▶ **Task brief**:
What you return must match the listing exactly, with every image removed.

▶ **Information shown**:
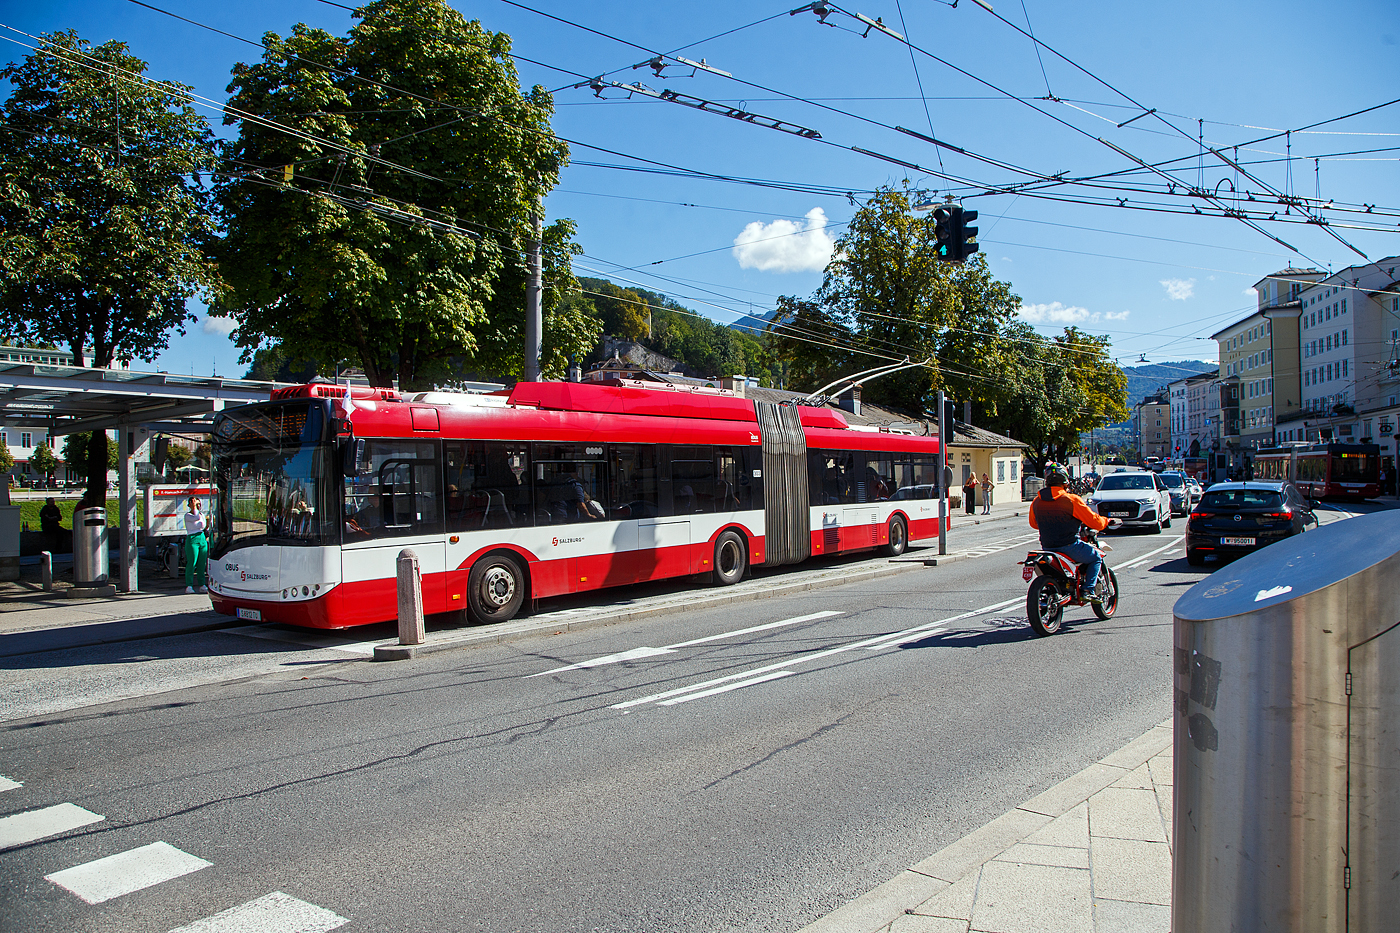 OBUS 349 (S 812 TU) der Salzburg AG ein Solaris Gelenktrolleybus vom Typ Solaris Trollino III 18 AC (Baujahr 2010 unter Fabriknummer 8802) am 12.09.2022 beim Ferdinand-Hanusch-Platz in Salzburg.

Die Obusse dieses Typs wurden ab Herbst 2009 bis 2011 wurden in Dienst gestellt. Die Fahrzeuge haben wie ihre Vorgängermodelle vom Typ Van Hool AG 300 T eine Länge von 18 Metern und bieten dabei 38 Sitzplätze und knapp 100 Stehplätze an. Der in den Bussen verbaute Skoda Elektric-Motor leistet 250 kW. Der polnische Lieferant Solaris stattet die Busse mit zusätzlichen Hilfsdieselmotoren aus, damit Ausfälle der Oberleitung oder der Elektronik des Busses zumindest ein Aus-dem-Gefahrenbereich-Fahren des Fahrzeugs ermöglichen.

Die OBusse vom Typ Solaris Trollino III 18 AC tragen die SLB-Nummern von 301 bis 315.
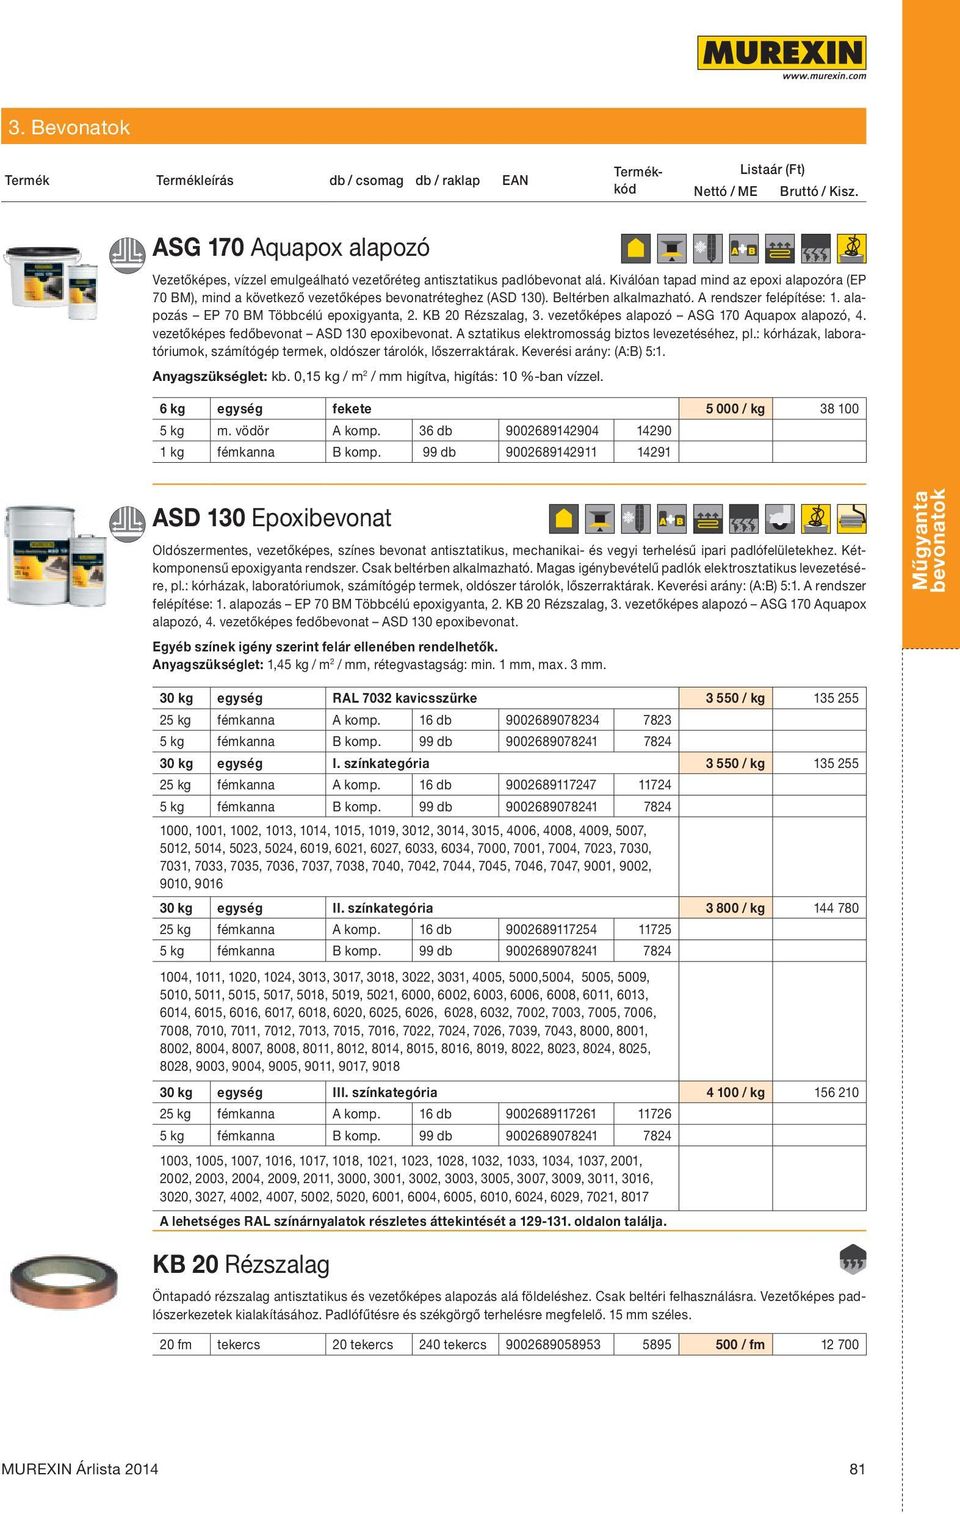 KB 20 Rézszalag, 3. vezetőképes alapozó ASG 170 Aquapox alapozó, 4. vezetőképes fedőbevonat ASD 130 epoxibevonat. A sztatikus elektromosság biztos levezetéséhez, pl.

▶ **Your response**:
 OBUS 349 (S 812 TU) der Salzburg AG ein Solaris Gelenktrolleybus vom Typ Solaris Trollino III 18 AC (Baujahr 2010 unter Fabriknummer 8802) am 12.09.2022 beim Ferdinand-Hanusch-Platz in Salzburg.

Die Obusse dieses Typs wurden ab Herbst 2009 bis 2011 wurden in Dienst gestellt. Die Fahrzeuge haben wie ihre Vorgängermodelle vom Typ Van Hool AG 300 T eine Länge von 18 Metern und bieten dabei 38 Sitzplätze und knapp 100 Stehplätze an. Der in den Bussen verbaute Skoda Elektric-Motor leistet 250 kW. Der polnische Lieferant Solaris stattet die Busse mit zusätzlichen Hilfsdieselmotoren aus, damit Ausfälle der Oberleitung oder der Elektronik des Busses zumindest ein Aus-dem-Gefahrenbereich-Fahren des Fahrzeugs ermöglichen.

Die OBusse vom Typ Solaris Trollino III 18 AC tragen die SLB-Nummern von 301 bis 315.
 KB 20 Rézszalag, 3. vezetőképes alapozó ASG 170 Aquapox alapozó, 4. vezetőképes fedőbevonat ASD 130 epoxibevonat. A sztatikus elektromosság biztos levezetéséhez, pl.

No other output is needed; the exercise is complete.